RecruitingNCT07473739

AI-Based Ultrasound Prediction of Pregnancy Outcomes in Placental-Related Fetal Growth Restriction (MVM-FGR): A Prospective Cohort Study

Establishment of a Cohort of Maternal Vascular Malperfusion-Related Fetal Growth Restriction (MVM-FGR) Based on an Etiology-Oriented Diagnostic Pathway: Artificial Intelligence-Assisted Multiparametric Ultrasound Prediction of Pregnancy Outcomes


Sponsor

Xinhua Hospital, Shanghai Jiao Tong University School of Medicine

Enrollment

300 participants

Start Date

Jan 1, 2023

Study Type

OBSERVATIONAL

Conditions

Summary

The goal of this prospective cohort study is to enroll pregnancies complicated by placental-related fetal growth restriction (FGR) and to develop predictive models for adverse short- and long-term outcomes.
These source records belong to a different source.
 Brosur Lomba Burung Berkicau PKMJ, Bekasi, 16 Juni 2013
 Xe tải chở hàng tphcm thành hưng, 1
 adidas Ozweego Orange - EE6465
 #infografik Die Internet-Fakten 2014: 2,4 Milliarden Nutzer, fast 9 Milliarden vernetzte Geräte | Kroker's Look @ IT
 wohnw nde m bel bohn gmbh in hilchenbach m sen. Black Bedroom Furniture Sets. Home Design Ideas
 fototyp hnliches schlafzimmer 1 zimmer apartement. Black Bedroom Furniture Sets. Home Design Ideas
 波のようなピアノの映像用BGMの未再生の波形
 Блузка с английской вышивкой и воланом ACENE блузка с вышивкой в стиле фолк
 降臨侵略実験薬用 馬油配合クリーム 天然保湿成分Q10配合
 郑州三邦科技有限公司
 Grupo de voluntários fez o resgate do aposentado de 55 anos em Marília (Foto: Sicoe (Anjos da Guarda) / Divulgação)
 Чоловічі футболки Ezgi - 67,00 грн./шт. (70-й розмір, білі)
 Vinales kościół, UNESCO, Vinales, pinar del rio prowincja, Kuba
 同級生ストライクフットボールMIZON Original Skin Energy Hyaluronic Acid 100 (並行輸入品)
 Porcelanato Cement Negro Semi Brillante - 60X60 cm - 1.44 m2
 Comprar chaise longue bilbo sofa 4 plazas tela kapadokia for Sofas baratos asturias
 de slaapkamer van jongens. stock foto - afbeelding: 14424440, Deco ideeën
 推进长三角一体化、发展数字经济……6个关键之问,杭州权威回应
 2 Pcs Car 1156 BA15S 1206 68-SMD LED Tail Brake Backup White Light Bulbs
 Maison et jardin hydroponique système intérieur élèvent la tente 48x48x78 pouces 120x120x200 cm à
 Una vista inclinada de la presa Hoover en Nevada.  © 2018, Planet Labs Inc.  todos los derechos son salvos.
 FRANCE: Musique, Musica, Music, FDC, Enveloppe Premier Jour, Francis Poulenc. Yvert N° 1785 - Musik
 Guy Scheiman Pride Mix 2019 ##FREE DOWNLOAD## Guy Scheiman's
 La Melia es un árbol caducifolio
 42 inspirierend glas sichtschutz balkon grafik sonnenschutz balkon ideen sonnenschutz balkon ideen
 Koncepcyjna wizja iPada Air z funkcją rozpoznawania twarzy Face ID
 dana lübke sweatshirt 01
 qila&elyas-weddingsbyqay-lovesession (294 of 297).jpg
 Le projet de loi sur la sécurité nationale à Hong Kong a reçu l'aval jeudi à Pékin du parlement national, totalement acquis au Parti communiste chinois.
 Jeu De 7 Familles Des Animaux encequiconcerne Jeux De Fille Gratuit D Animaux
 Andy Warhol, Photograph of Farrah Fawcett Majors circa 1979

This will be achieved by collecting novel intrauterine monitoring indicators along the fetal brain-placenta-heart axis, combined with conventional fetal surveillance parameters, in order to improve risk stratification and guide clinical management, ultimately improving pregnancy outcomes. The study will include pregnant women with singleton pregnancies complicated by isolated early-onset placental insufficiency-related FGR, preferably those with abnormal umbilical artery Doppler findings, who elect to continue the pregnancy. The main question it aims to answer is: • Whether a predictive model integrating novel intrauterine monitoring indicators along the fetal brain-placenta-heart axis with conventional monitoring parameters can accurately predict perinatal and neonatal adverse outcomes in pregnancies complicated by placental-related FGR.


Eligibility

Sex: FEMALEMin Age: 20 YearsMax Age: 43 Years

Inclusion Criteria3

  • Singleton pregnancy.
  • Isolated early-onset placental insufficiency-related fetal growth restriction (FGR), with priority given to cases with abnormal umbilical artery Doppler flow.
  • Pregnancies in which expectant management is continued.

Exclusion Criteria3

  • Multiple pregnancy complicated by selective fetal growth restriction (sFGR).
  • FGR caused by fetal structural anomalies, genetic abnormalities, or intrauterine infection.
  • Twin pregnancy with intrauterine fetal demise (IUFD) of one fetus.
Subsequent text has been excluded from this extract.